- Directed by: Aleksandr Dovzhenko
- Written by: Aleksandr Dovzhenko
- Produced by: Lev Kantorovich
- Starring: Petro Masokha Stepan Shagaida Konstantin Bondarevsky Dmytro Holubynsky Alexander Khvylya
- Cinematography: Danylo Demutsky Yuriy Yekelchik Mikhail Glider
- Edited by: Ganna Chernyatsina
- Music by: Boris Lyatoshinsky Yuli Meitus Igor Belza
- Distributed by: Ukrainefilm
- Release date: 1932;
- Running time: 90 minutes
- Country: Soviet Union
- Languages: Ukrainian, Russian

= Ivan (1932 film) =

1932 film by Aleksandr Dovzhenko

Ivan («Iвaн», «Иван») is a 1932 Soviet drama film directed by Aleksandr Dovzhenko. After the critical lambasting of his film Earth by the Soviet authorities, Dovzhenko returned with a more popular iteration of its main motifs.

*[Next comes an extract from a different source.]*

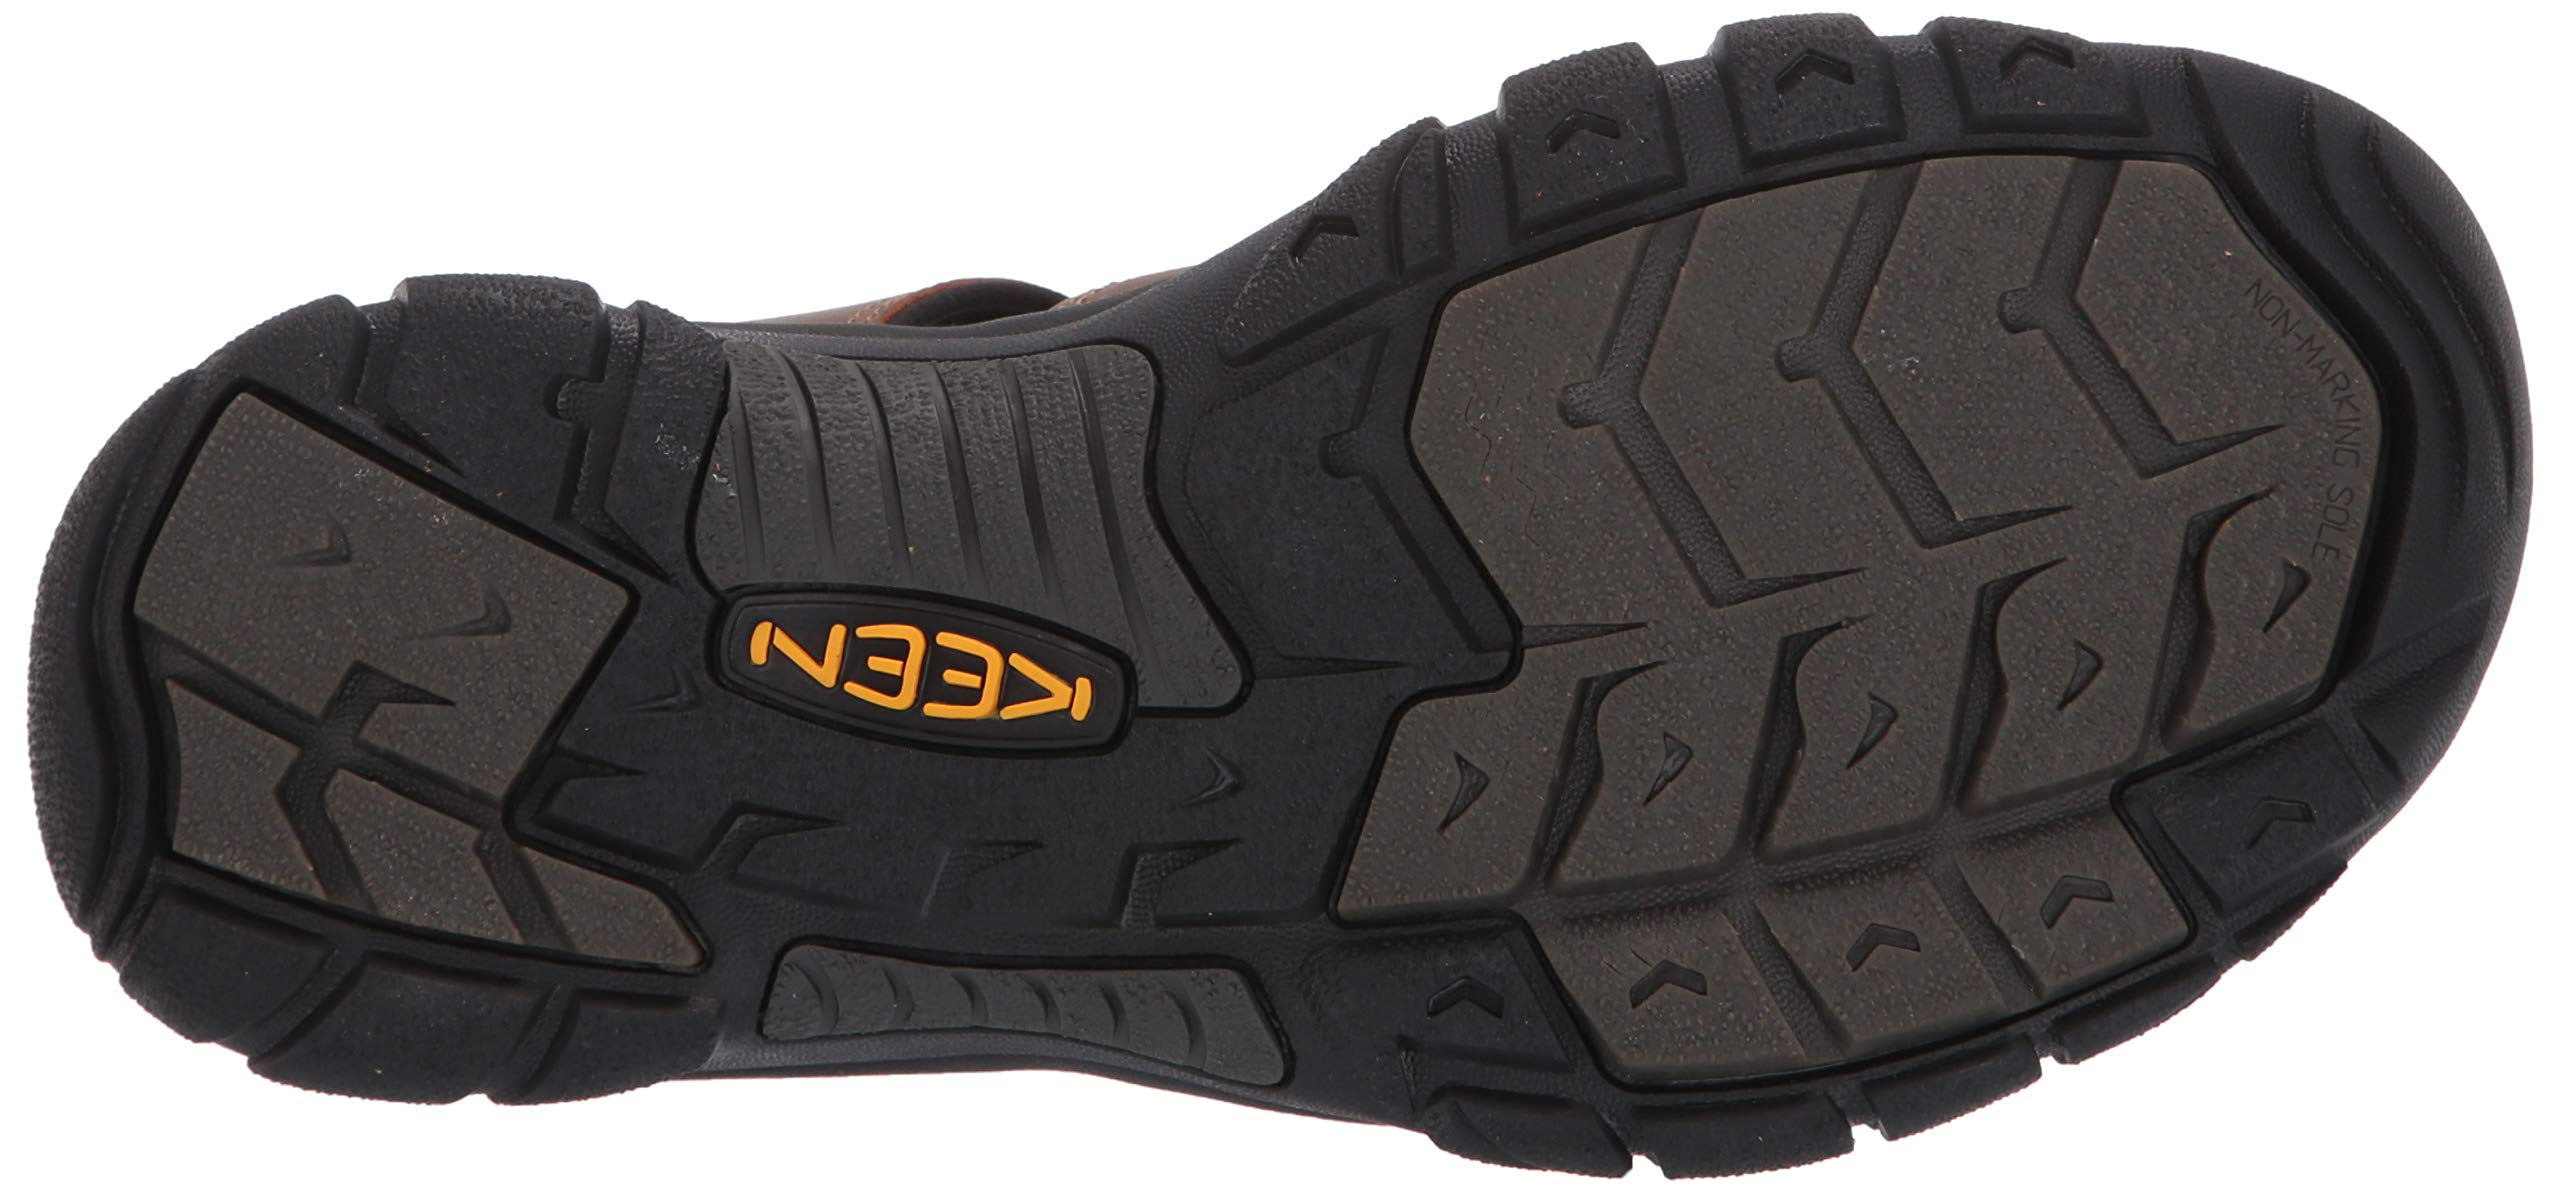 KEEN Men's Newport Sandals
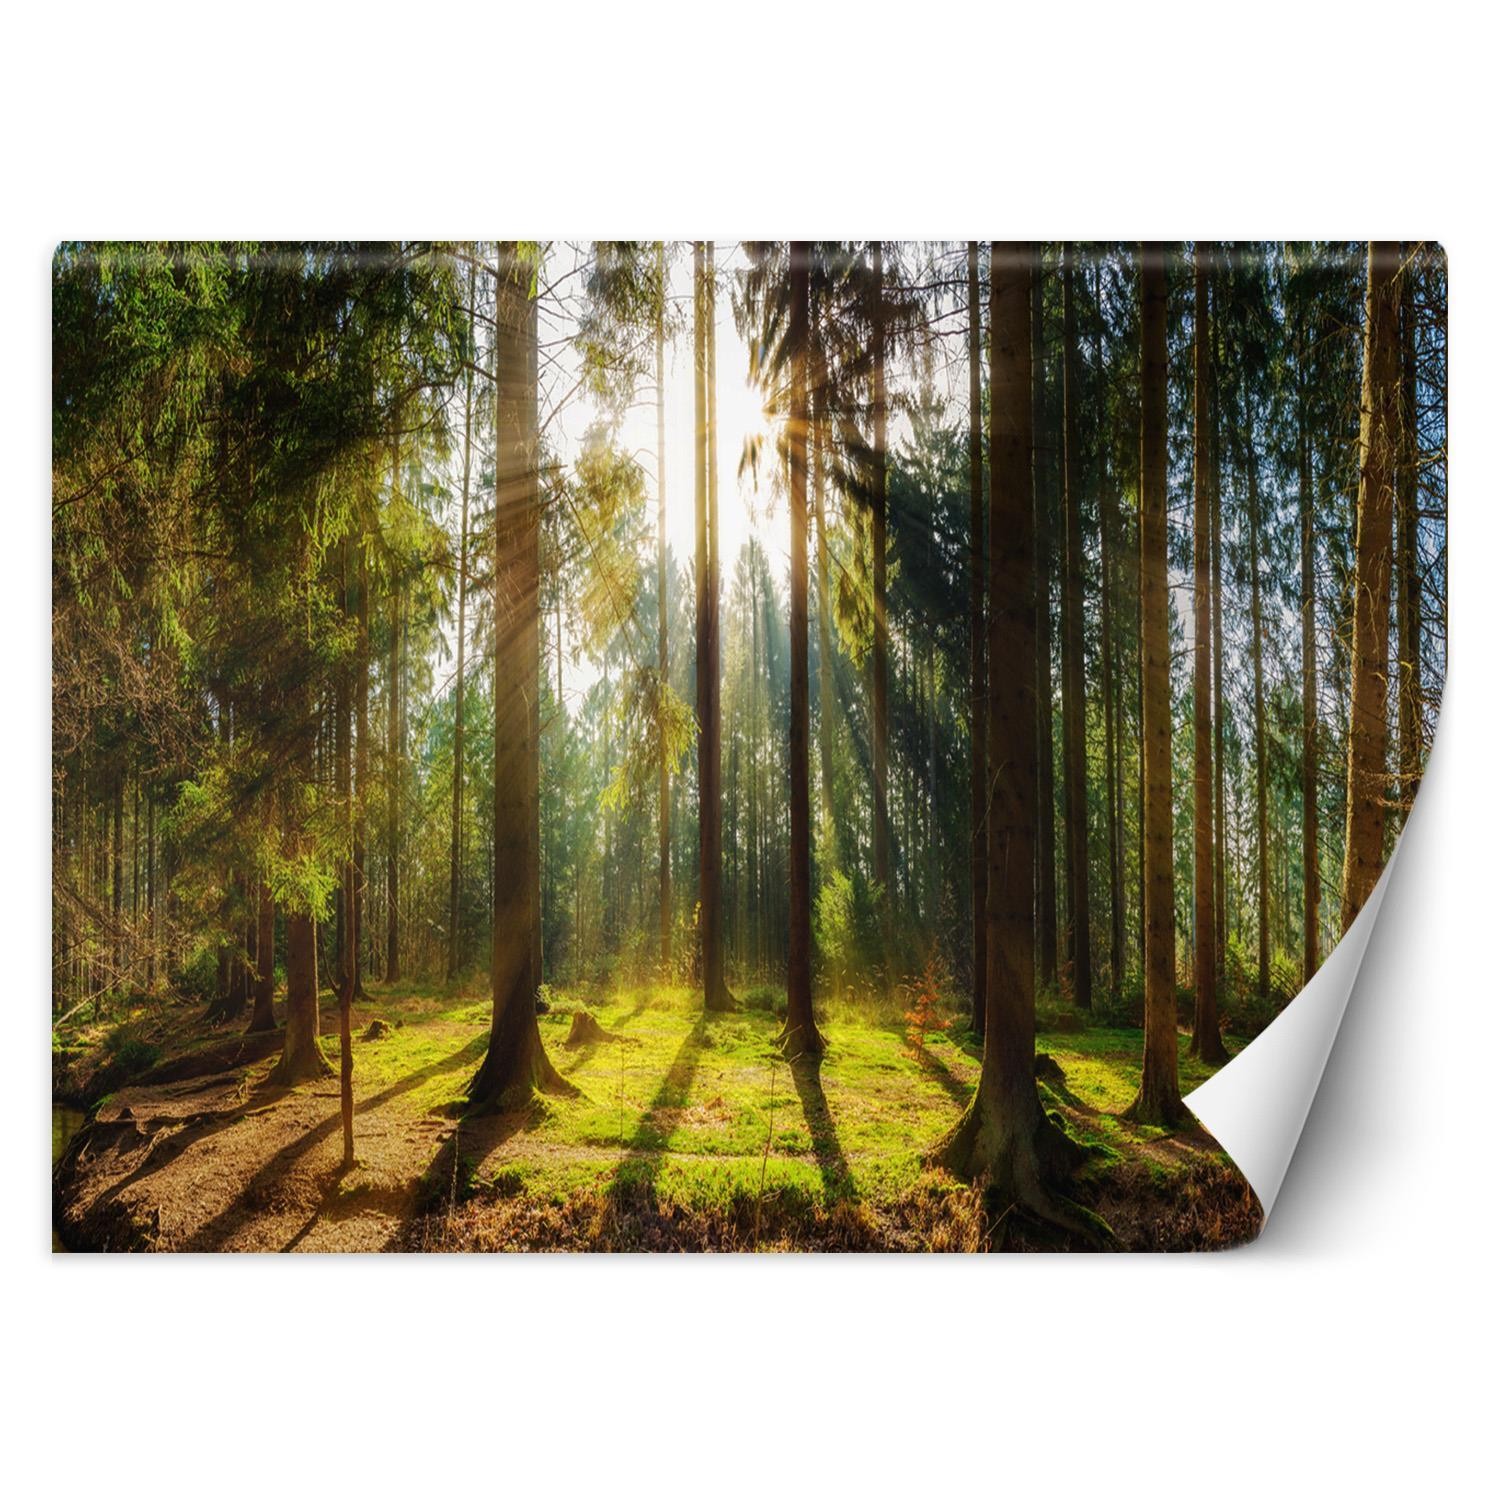 Trend24 – Behang – Bos In De Zon – Vliesbehang – Fotobehang Natuur – Behang Woonkamer – 450×315 cm – Incl. behanglijm

Much like Earth, Ivan concerns itself with the natural rhythms of country life, disrupted by the beat of looming industrialisation.

Aleksandr Dovzhenko received a Special Jury Prize for the film at the 2nd Venice International Film Festival.

== Plot ==

Ivan (1932)

Landscapes of calm waters of the Dnieper, which are replaced by dangerous rapids, float in the frame. However, the construction of Dniproges is underway, workers are building a dam to bury the rapids under water and create a power plant. A village boy recounts a speech he heard at a construction site about the fact that the village has accumulated surplus labor, which should be sent to cities. There is a young Ivan in the house, who approves the plan. But Ivan's father, Stepan, denies — “I want to go, I do not want — I will not go.” The future foreman Stepan Vasilyevich has a different opinion, he believes that it is necessary to set an example to other villages and be the first to send aid for construction.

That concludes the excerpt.